Kumpulan bandit dibelakangnya pun bersiap mengeluarkan senjata mereka, namun Si komandan menyuruh mereka untuk tenang dan berbicara baik-baik.


"Aku akan memberi tawaran bagus untuk kalian," Ujar Si Komandan.


Bandit yang barusan menyerang si komandan pun mendadak tenang, dan penasaran dengan apa yang akan ditawarkan oleh Si Komandan itu.


"Apa tawaran yang kau maksud?"


"Aku akan memberikan kantung berisi uang ini untuk kalian, tapi kalian harus berpura-pura dikalahkan esok hari pada jam 5 pagi. Setuju?"


"Pura-pura tertangkap ya, bukankah itu merugikan kami?"


"Tentu saja, tidak. Kami akan menangkap kalian seolah kalian belum sampai ke desa itu, dengan begitu hukuman kalian hanya dipenjara selama seminggu atau bahkan satu hari. Lain cerita jika kalian merampok sungguhan, sudah belum tentu mendapatkan hasil, lalu tertangkap dihukum berat. Bagaimana, tawaran bagus bukan?"


Para Bandit sepertinya tertarik dengan penawaran si Komandan, dan mereka pun menyetujuinya tanpa negosiasi.


"Dengar, kami dapat melacak kalian jika kalian berkhianat.
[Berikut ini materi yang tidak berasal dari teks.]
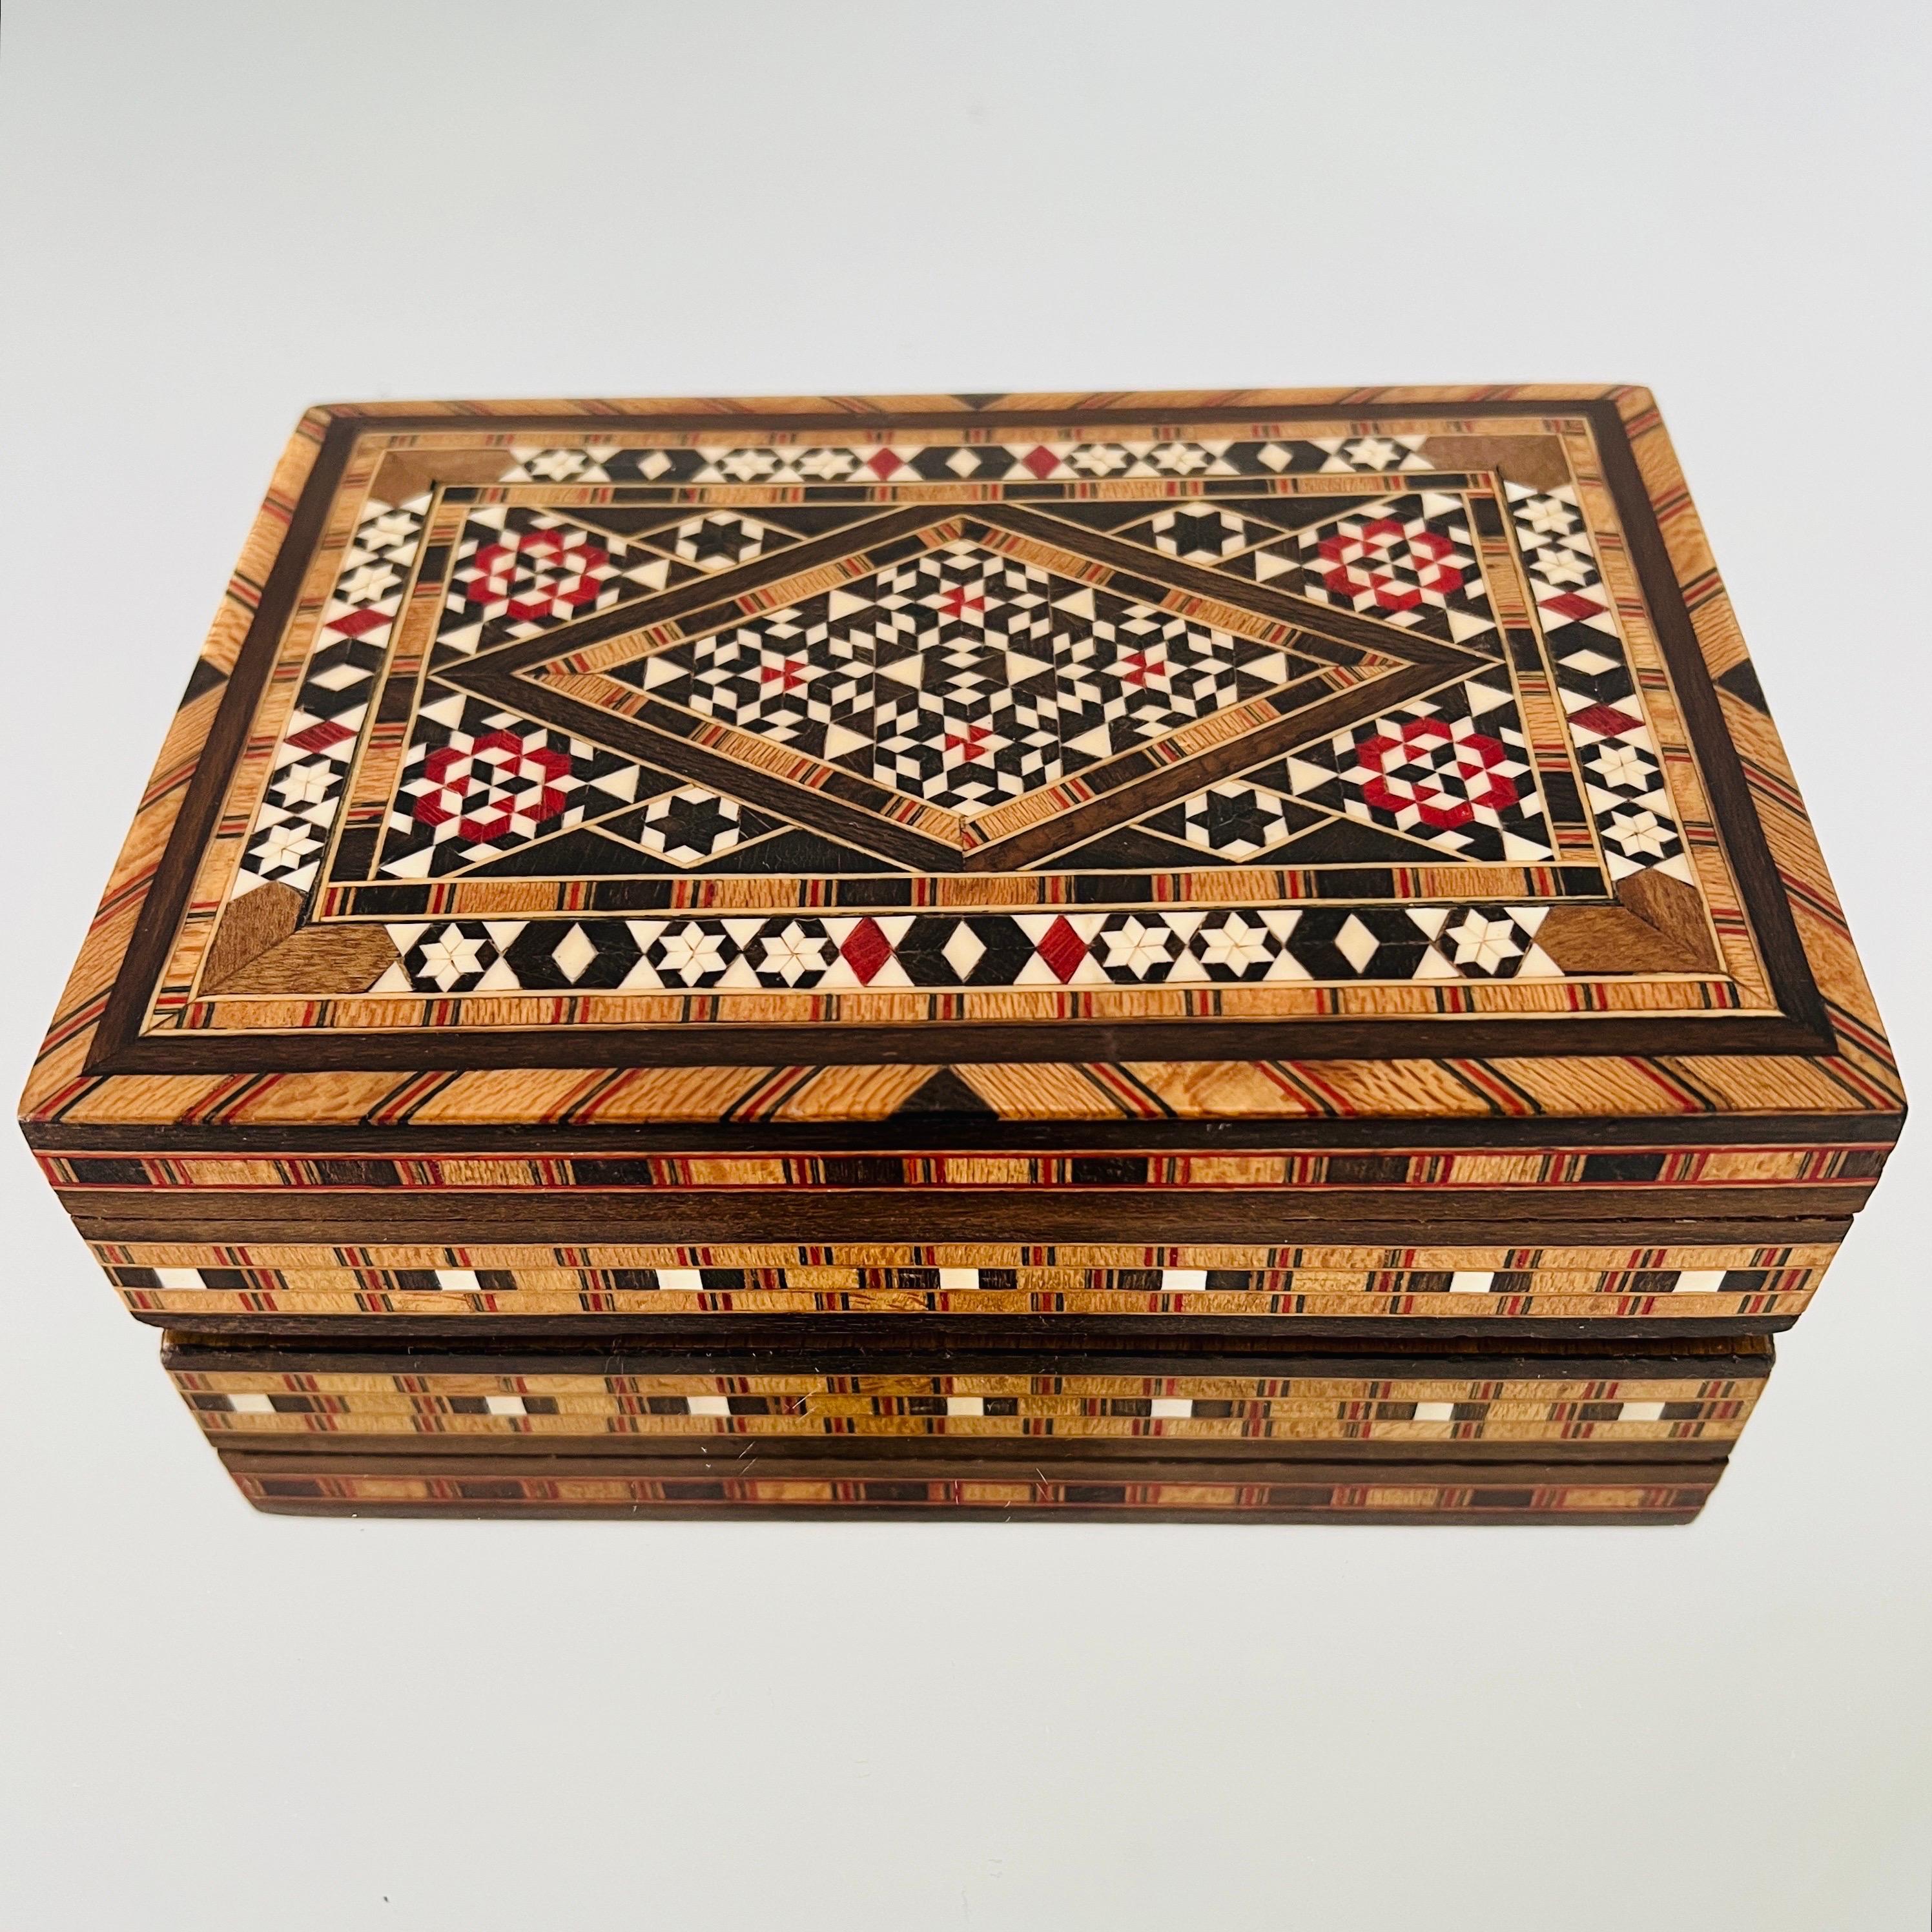 Exquise boîte en bois Khatam fabriquée à la main avec un motif de marqueterie en micro-mosaïque, une ancienne technique persane d'incrustation.  Cette boîte de style mauresque présente des incrustations géométriques de bois et d'os. Fabrication

Kami para Ksatria itu saling berbagi informasi, jadi jangan coba-coba untuk berkhianat!" Ancam Si komandan, sebelum menyerahkan kantung uang itu kepada Para Bandit.
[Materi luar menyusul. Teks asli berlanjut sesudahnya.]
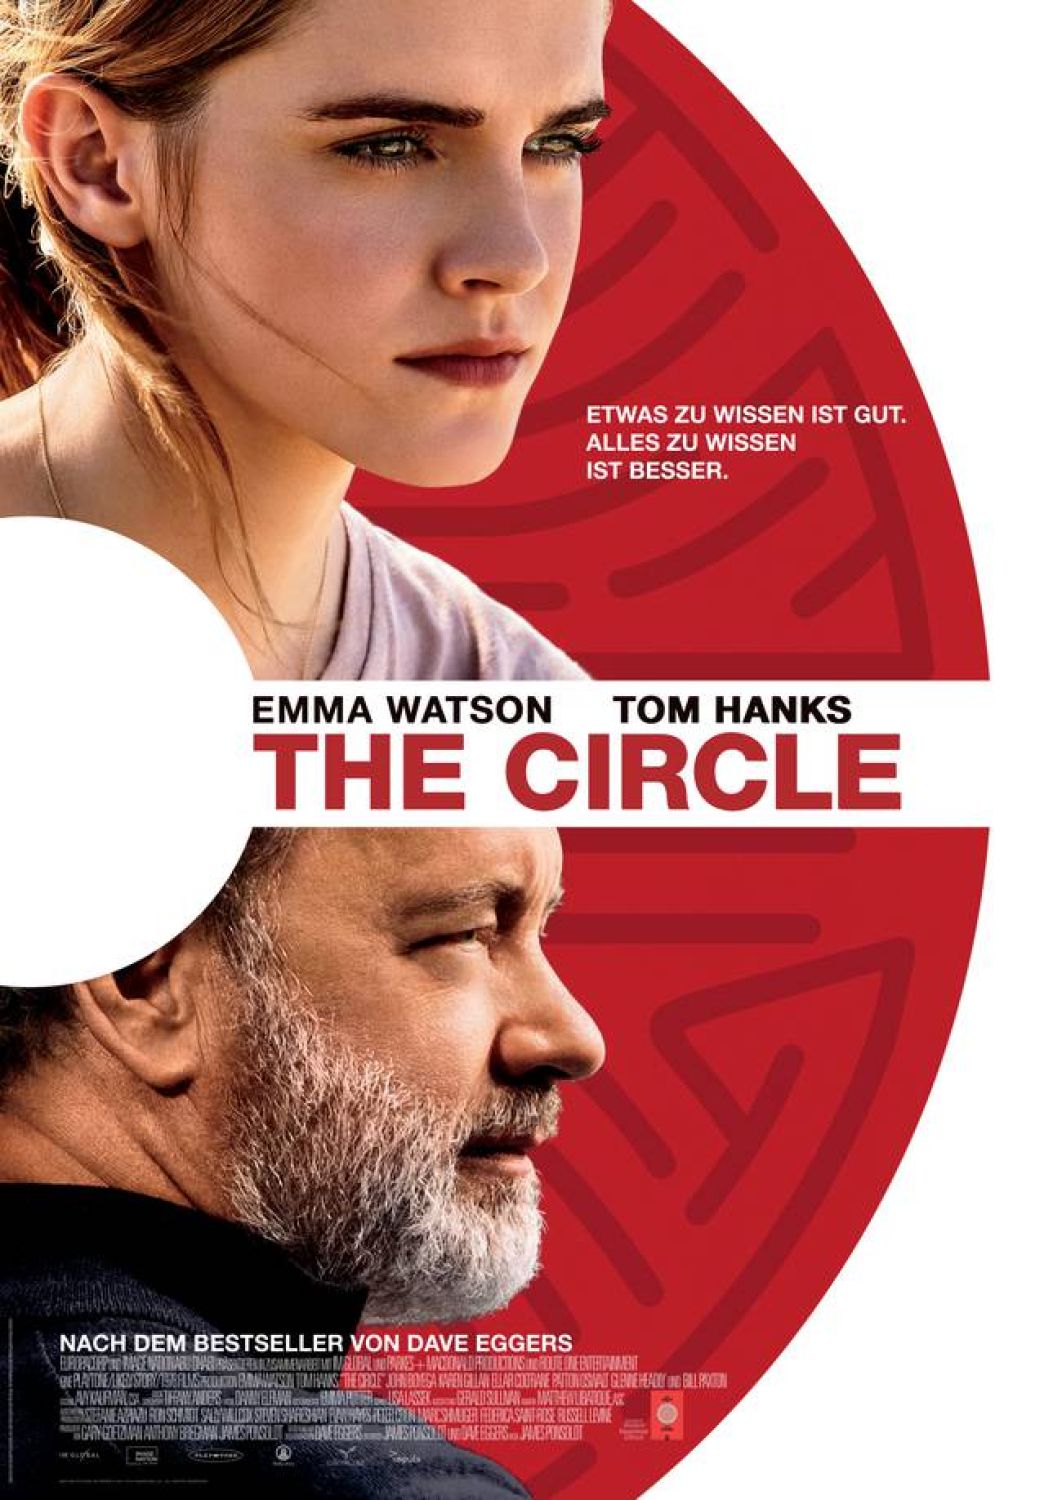 The circle

Para Bandit pun menerima uang itu dengan perasaan senang, kemudian ia pun langsung pergi untuk bersiap menjalankan rencana busuk mereka di pagi hari.
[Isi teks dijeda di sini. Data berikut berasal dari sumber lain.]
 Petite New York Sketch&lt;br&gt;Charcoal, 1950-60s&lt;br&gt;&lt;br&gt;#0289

Arthur yang tidak menyangka bahwa Ksatria bawahannya ternyata banyak yang Korup, bahkan sampai memanfaatkan warga sipil.


"Memeras para warga, lalu menggunakan nya sebagai pancingan untuk Bandit, dan akhirnya berdiri sebagai pahlawan palsu. Serendah itukah kalian!" Arthur tiba-tiba muncul dari balik semak-semak, kemudian melancarkan pukulannya tepat di wajah Si komandan.


Si Komandan pun terjatuh, dengan hidung yang mengeluarkan darah akibat pukulan Arthur.


"Hahaha, Pangeran rupanya. Kau sudah mengetahui ini, lalu apa yang akan kau lakukan?" Tanya Si komandan dengan nada yang merendahkan.


"Aku akan memenjarakan kalian semua, jika perlu, aku akan membunuh kalian!"


"Whoahhahaha! Kau pikir kau siapa? Sudah kubilang bukan, kami ini saling terhubung satu sama lain. Memanipulasi bukti sangat mudah dilakukan, apalagi hanya menghadapi mu, Aib kerajaan!" Komandan itu membalas Arthur menggunakan tendangannya.


"Tidak akan ada yang percaya padamu! Kau memang kuat pangeran, tapi kekuatan tidak dapat digunakan di segala situasi, kau harus tau itu! Sekarang pulanglah, dan renungkan lah. Tidak ada yang dapat kau lakukan, dasar aib!" Ketiga Ksatria lain yang berada disisinya pun tertawa, ketika melihat Arthur direndahkan seperti itu.


Arthur hanya bisa temenung, ketika melihat perlakukan ksatria kerajaan kepada dirinya. Ekspertasi nya benar-benar hancur dalam satu hari, dan ia berjalan dengan langkah yang terseret.


Ia mulai mengerti alasan mengapa Gen marah waktu itu, dan ia merasa malu kepada dirinya sendiri karena terlambat mengetahui tentang realita ini.


Realita bahwa, sistem pemerintahan di kerajaannya ternyata Korup, dan ia tidak bisa melakukan apapun dikarenakan tidak mendapat dukungan dari siapapun.


"Hahahaha! Sungguh, pangeran yang malang."